As an alternative, you can use srun instead of mpirun or mpiexec to launch MPI programs. srun is a command provided by SLURM with better integration into the SLURM environment. Here's how to use srun in a SLURM script:

#!/bin/bash
#SBATCH --partition=regular       # Partition
#SBATCH --job-name=my_mpi_job     # Job name
#SBATCH --output=my_mpi_job.o%j   # Name of stdout output file
#SBATCH --error=my_mpi_job.e%j    # Name of stderr error file
#SBATCH --nodes=1                 # Total number of nodes requested
#SBATCH --ntasks-per-node=4       # Total number of mpi tasks per node requested
#SBATCH --mem=40gb                # Total amount of RAM memory per node
#SBATCH --time=01:30:00           # Run time (hh:mm:ss)

module load intel
srun ./myprog

In this version of the script, we simply call srun followed by the name of the program. SLURM already knows the number of tasks to launch from its parameters, so we don't need to specify -np.

MPI for Python¶

MPI for Python (mpi4py) is a Python package that provides bindings to the MPI standard, allowing you to write parallel and distributed programs using Python. It fully supports the MPI-3.1 standard and provides an object-oriented interface which closely follows MPI-2 C++ bindings.

Installing mpi4py¶

Before you can use mpi4py, you need to install it. If you're using a Python package manager like pip or conda, you can do this as follows:

pip install mpi4py

or

conda install -c anaconda mpi4py

Note that mpi4py requires a working MPI installation to function.

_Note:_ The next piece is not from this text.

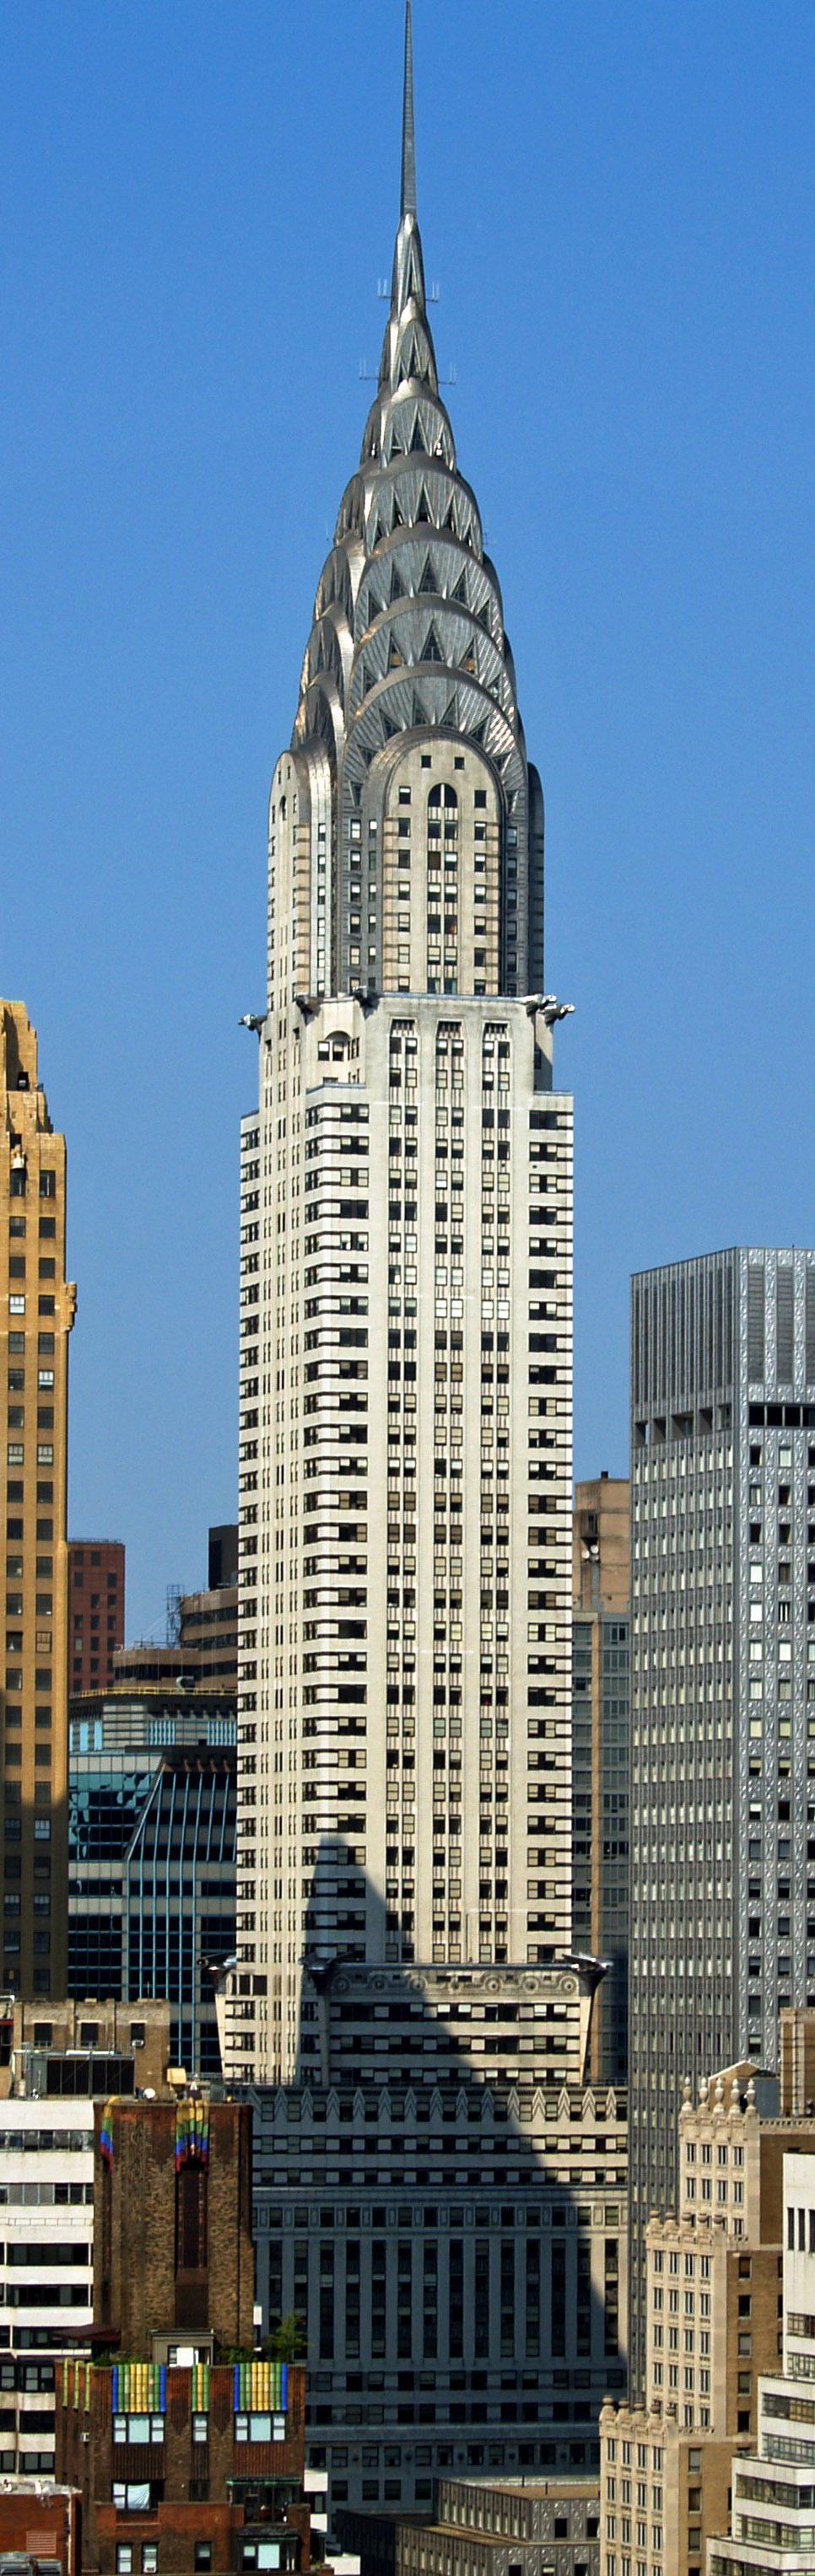 Van Alen, The Chrysler Building (article) | Khan Academy

Make sure to load the appropriate MPI module before installing mpi4py.

Using `mpi4py`¶

Here's an example of a simple mpi4py program that does the same thing as the previous MPI examples: printing out the rank of each process and the total number of processes.

from mpi4py import MPI

# Initialize the MPI environment
comm = MPI.COMM_WORLD

# Get the rank of the process
rank = comm.Get_rank()

# Get the number of processes
size = comm.Get_size()

# Print a hello message from the current process
print(f"Hello world from processor with rank {rank} out of {size} processors")

You can run this program in a similar way to the previous examples, but using the mpirun command with the Python interpreter:

mpirun -np 4 python myprog.py

This command will start four Python processes and execute myprog.py on each one.

Just like with C, C++, and Fortran, you can use mpi4py with SLURM. Here's an example of a SLURM script that runs a Python program using mpi4py:

#!/bin/bash
#SBATCH --partition=regular       # Partition
#SBATCH --job-name=my_mpi_job     # Job name
#SBATCH --output=my_mpi_job.o%j   # Name of stdout output file
#SBATCH --error=my_mpi_job.e%j    # Name of stderr error file
#SBATCH --nodes=1                 # Total number of nodes requested
#SBATCH --ntasks-per-node=4       # Total number of mpi tasks per node requested
#SBATCH --mem=40gb                # Total amount of RAM memory per node
#SBATCH --time=01:30:00           # Run time (hh:mm:ss)

module load intel
mpirun -np ${SLURM_NTASKS} python myprog.py

This script is very similar to the previous SLURM scripts, with the main difference being that it uses the Python interpreter to execute the MPI program.